Второй период, по Левиту, вершина творчества Рембо. Главное в нем -это движение «от сложной статики - к простой кинематике; от великолепной изваянности - к натуралистической подвижности». Вопреки всей поэтической традиции, стихотворение сводится к прозаичности, к повседневности, «сливается с трактатом или с политической речью». Иными словами, «оно приобретает смысл (выделено Т.Л.). Вместо настроения его организует мысль. <...> Внешнему миру прежних поэтов, миру, который читатель воспринимал и связывал с автором эмоционально, Рэмбо противопоставляет мир, связываемый и воспринимаемый логически» (1930, 4, 136). Вывод: «Рэмбо выворачивает поэзию наизнанку» (1930, 4, 137).

Какие именно стихи попадают у Левита во второй период и дают логически организованный образ мира, не вполне понятно. Совершенно очевидно, что его куда больше интересует проза, а точнее «Illuminations» -«Раскрашенные картинки». В прозе Рембо, по его мнению, происходят те же процессы, что и в поэзии, но «в обратном направлении». Сравнивая тексты Рембо с французским романом 50-60-х гг., в частности, с Флобером, автор замечает, что традиционно введение в роман предметов внешнего мира было мотивировано фабулой, Рембо же попытался «построить перечисления как фабулу». Он перенес акцент с внешнего мира на внутренний, перешел от самоценности вещей к их эмоциональному осмыслению. В этом Левит видит его отличие от буржуазных писателей: «Буржуа любуется вещами. Интеллигент знает, как делать их, и любит делать их» (1930, 4, 138).

Гениальность Рембо Левит видит в том, что, уйдя от беспристрастного описания, замаскировав фабулу за перечислением, побудив читателя к активной работе мысли, он вплотную подошел к созданию «подлинного реализма». Следующим шагом, логическим продолжением «Illuminations»

должен был стать фабульный роман наподобие Джойса. Попыткой создания такого романа стал цикл «Une saison en enfer», который Левит переводит «На даче в аду».

Однако «создание подлинно реалистической литературы повисло в воздухе» (1930, 4, 139), и Рембо своего романа не создал. Причина - в отсутствии социальной базы у интеллигенции, достаточной для того, чтобы она смогла оформить свою идеологию. После разгрома Коммуны вышедшая было на свой естественный путь - с пролетариатом в ногу - интеллигенция оказалась лишенной социальной основы. У Рембо не получилось творить вещи (это доступно только восходящему классу), он это осознал и, отчаявшись переделать мир, решил к нему приспособиться. Отсюда -отказ от литературы, отъезд в колонии, торговля оружием и пр.

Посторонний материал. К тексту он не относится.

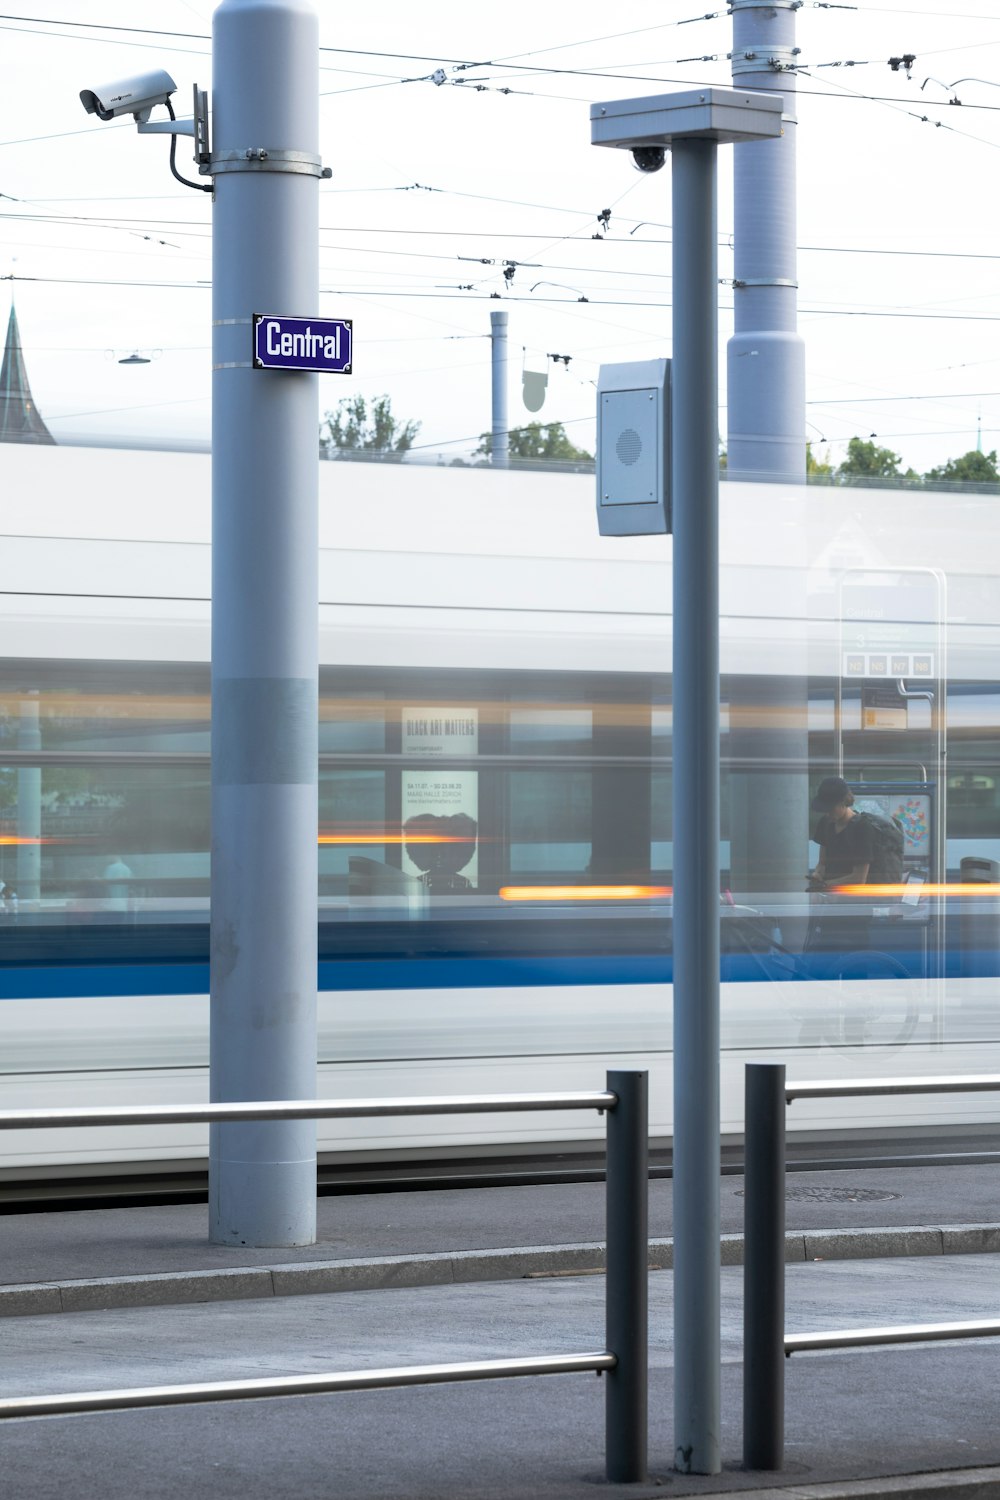 Tren blanco y azul en la estación de tren durante el día

Заканчивается статья рассуждением об историческом значении Рембо, которое Левит ставит неизмеримо выше, чем само его творчество. Подлинное возрождение Рембо наступило в 90-е гг. - когда интеллигенция «ощутила свое социальное бытие, попыталась осуществить свою идеологию» (1930, 4, 140). Вкратце сказав о технических нововведениях Рембо-поэта, воспринятых всей последующей поэзией, он переходит к своей любимой теме - прозе. И тут влияние Рембо идет в двух направлениях: с одной стороны, это Жироду и Ромен («оживление» деталей, «вещи с опущенными посылками»), а с другой - «расширение личной темы до космического осмысления ее», т.е. Пруст. (1930, 4, 140)

Подходя к Прусту, Левит уже в третий раз упоминает Джойса. Логика статьи подводит к тому, что роман ирландского писателя - это лучшее из того, что может родиться в недрах буржуазного общества. Причем главное достоинство его, главное преимущество над буржуазным романом - реализм, под которым понимается эмоциональное преобразование вещей. Рембо подошел к этому совсем близко, но общество было не готово его воспринять - и он замолчал. Пруст и Джойс, пришедшие в литературу позже, создают свои романы, исходя из того, что окружающий мир важен и значим лишь в разрезе восприятия героя. «Рембо придал предметам в своей прозе неустойчивое равновесие. Рембо экспериментировал, и для него неустойчивость была формой изучения. Пруст продолжает форму, вынимая из нее смысл: неустойчивость становится единственной достоверной формой существования вещей» (140). «Чистое искусство», декаданс Левит рассматривает как неизбежный результат попытки «производить вещи» в литературе в условиях социального упадничества, открытое признание буржуазной интеллигенции в собственном бессилии.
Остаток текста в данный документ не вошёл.